Håkon Liu: I started out with the idea of sending actress Pernilla August to Taiwan, simply because I couldn’t come up with a story for her that was set in Sweden. Somehow the ingredients seemed right and the story fell into place. So I took Alex, with whom I worked with before, to experience Taipei. We talked and talked for several days and in a few weeks he came up with the first draft.
How did you convince Pernilla August to play the lead role and how was your collaboration?
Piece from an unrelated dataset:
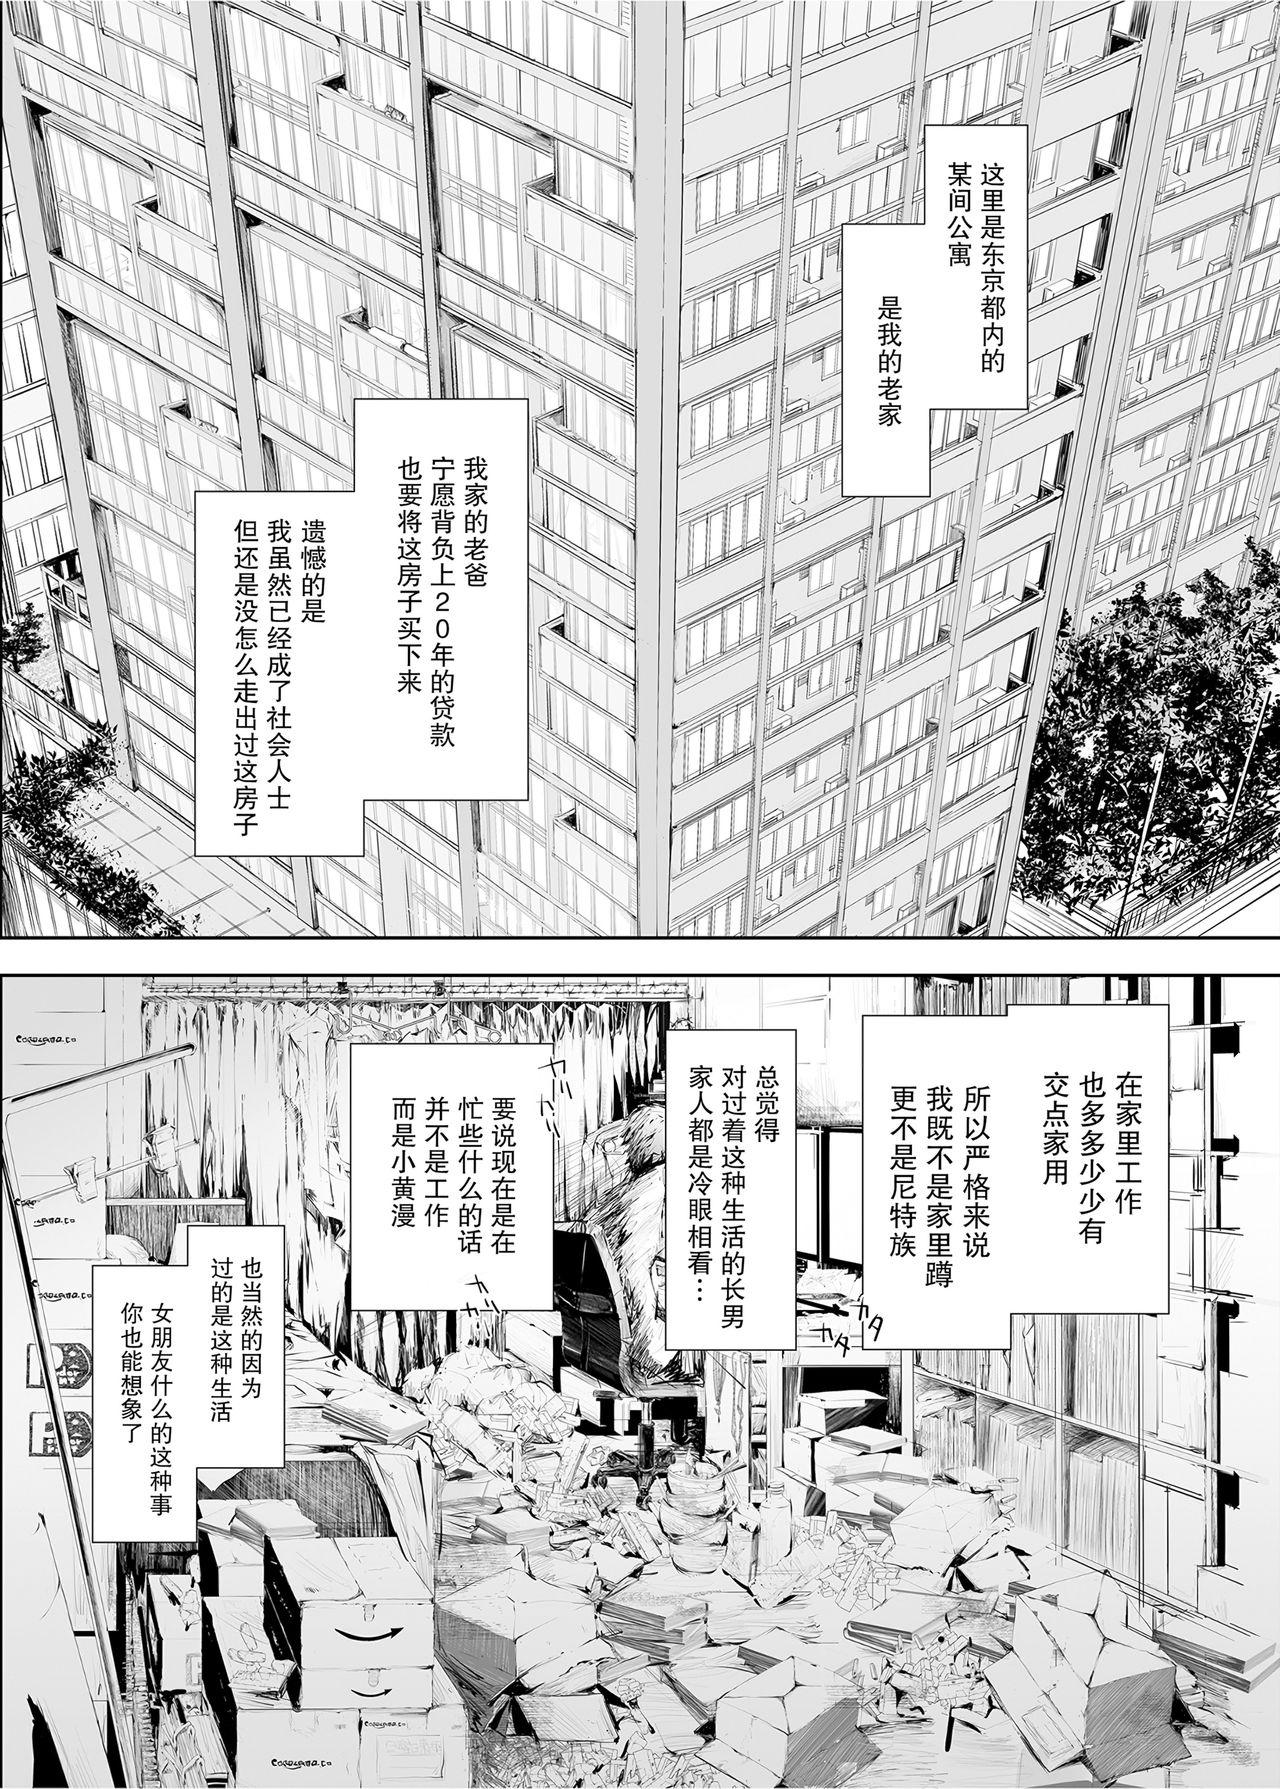 Chacal FUROHILE Jitaku no Furo ni Hairu to Saki ni Shiranai Hadaka no Onna ga Haitteru - Original Gay Pissing - Page 7
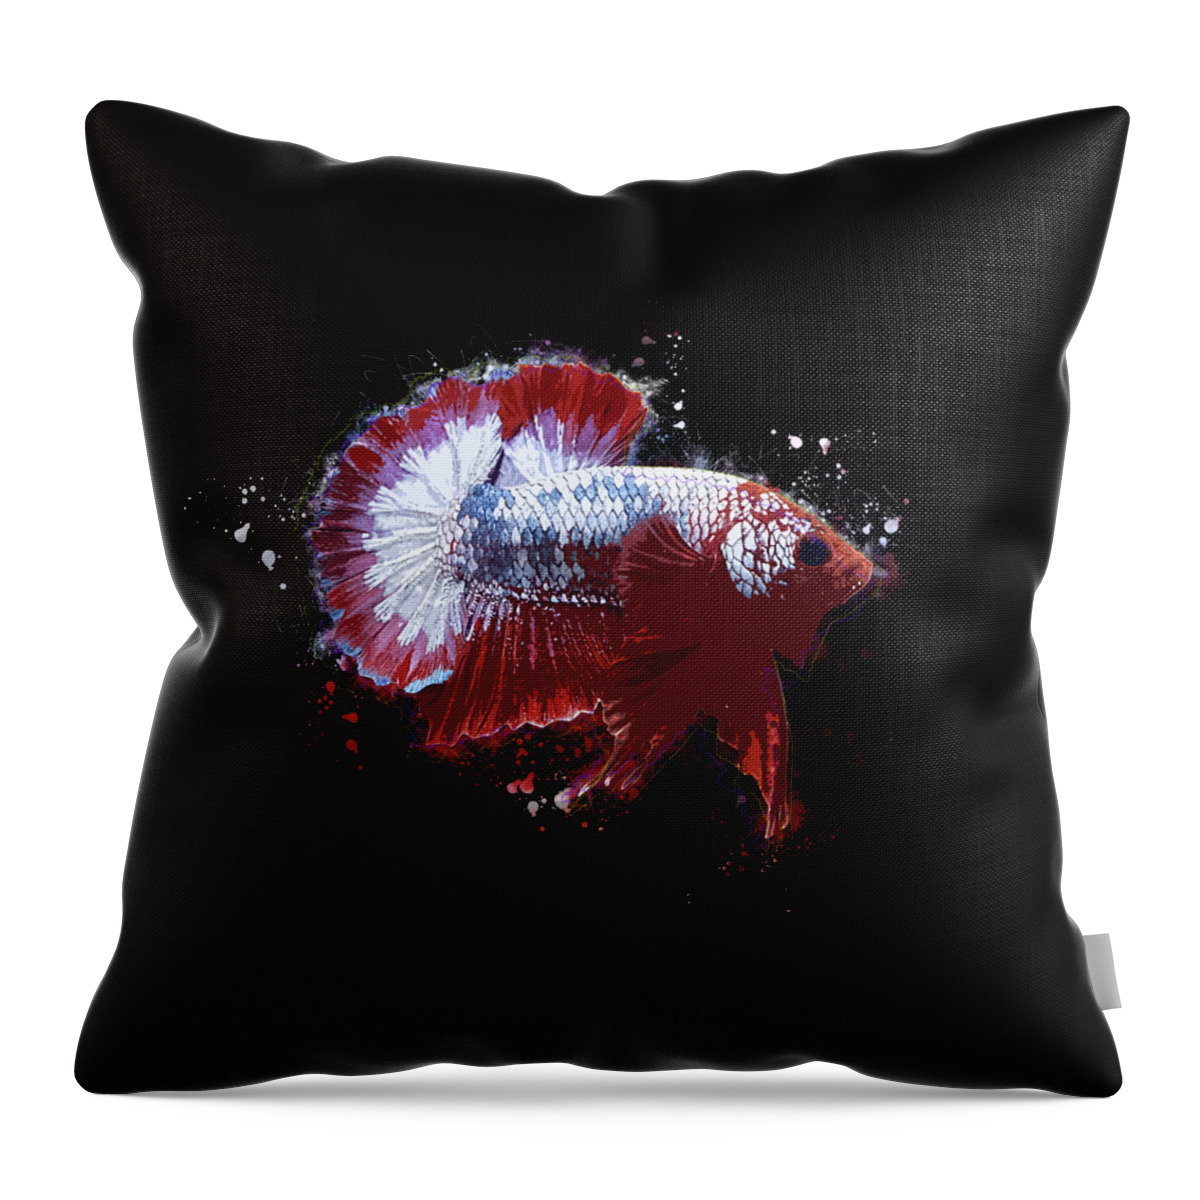 Artistic Throw Pillow featuring the digital art Artistic FCCP Betta Fish by Sambel Pedes

Before I presented the story to Pernilla, I exercised some emotional blackmail, making her realize that I wouldn’t be able to make the film if she turned it down. Nobody else could play the part, I really meant it. Luckily she said yes. And she loved the story. Working with her was my best experience ever, both difficult and fantastic. Difficult because she sometimes was even more stubborn than me. Fantastic because her acting is gorgeous.
How was the experience of shooting the film in Taiwan, where you grew up?
Tough and fun at the same time. My challenge was to balance the Taiwanese and the Swedish way of filmmaking. On one hand, filmmakers seem to be alike all over the world, sharing the same passion for film. On the other hand, when cultural misunderstandings came up, I was the only binding link, being half Chinese. Because these misunderstandings sometimes simply cannot be explained, everyone needed to be a bit more generous.
The film has been compared to Lost in Translation, with the hotel settings; vision of the city; mix of Swedish, Mandarin and English. Did you have this film in mind or other films when making Miss Kicki?
Although I love the film, I thought of Lost in Translation as in things I didn’t want to do with mine. I wanted more intimate relationships with the locals and to avoid having too much fun with culture clashes. The alienation between mother and son is more apparent than the [clash] with Chinese culture. When shooting in Taiwan early humanistic works of Ang Lee and Hou Hsiao Hsien came up from my childhood and perhaps influenced me indirectly.
Producer Lizette Jonjic has been with you since your very first short film. Was that a comforting experience, to have her on board your feature debut?
Yes. Lizette and I are very loyal to each other, and she is very supportive of me, even if it means being brutally honest. We managed to stay tight and have fun even when Miss Kicki seemed impossible at times.
The film received rave reviews in the Swedish press. How was the film received by Swedish audiences? Has it sold to other territories? The film was very well received both in Sweden and Taiwan and it has been sold to several countries in Europe.
How does it feel to be Variety’s Choice at Karlovy Vary?
I’m very much looking forward to meeting the other talented directors, and since I am one of them, I feel a little bit talented myself and very honoured.
What’s your next project?
The title is Fuck Me, Kill Me, Hug Me and it’s a passionate love story about two teenage runaways.